Objects ID'd in Ch1 and use for Ch2 Ch3 intensity quantification from ND2 file with multiple time-points

cellprofiler

#1

Hello CellProfiler Fam,

I am imaging 293t cells. The time-lapse images are saved in .nd2 format. The nd2 files have 4 channels and multiple xyPos as well as many time points. The cells have 3 markers(FP1, FP2, and FP3) all in the nucleus. I want to quantify the intensity of FP2 and FP3 under the objects detected from FP1 (best nuclear segmentation and best for tracking cells and highest SNR) per cell over time.

Question 1: I am extracting metadata from the file header of the .nd2 file, but I am getting only 1 xy position with 4 channels. How do I extract all xy pos, all time points, and all 4 channels? I have shared a link (https://drive.google.com/open?id=1Xk4dII1Q4VLLSbhpcuzPlGYrsarqgNTY) for one xy pos of nd2 (whole file was too big).

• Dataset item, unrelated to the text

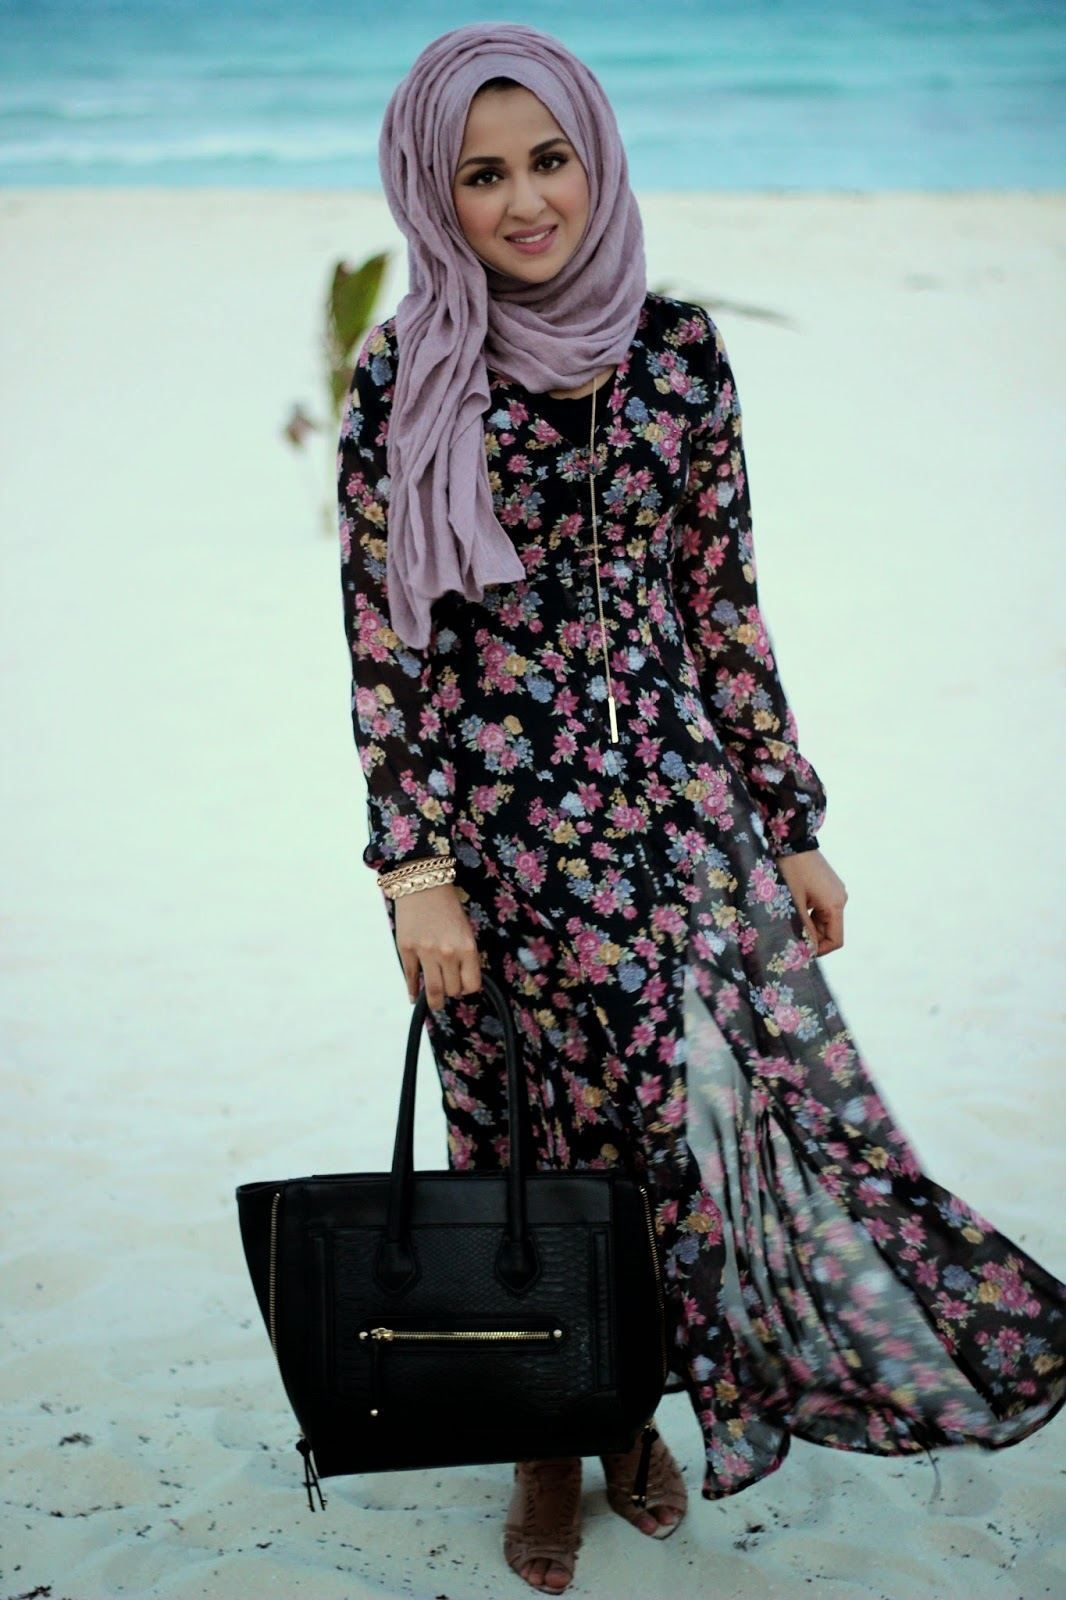 Beach Hijab Outfits–34 Modest Beach Dresses for Muslim Girls forecast

nd2_object_v1.cpproj (660.6 KB)

Question 2: How to use objects identified from FP1 to quantify intensity in FP2 (channel 2) and FP3 (channel 3)?

I hope I am explaining clearly. This is my first “long” post. I appreciate any help and patience :slight_smile:

Best,
Andres


#2

Hi,

I’m not sure how to advise you, but when I use the Metadata extraction from the header on the file you uploaded I DO get all the time points- see below. If you do NOT see that on your machine, can you post what version of CellProfiler are you using, on what OS?

You should then set up your NamesAndTypes module to read the extracted C column to read in your various channels individually, and remove your ColorToGray module.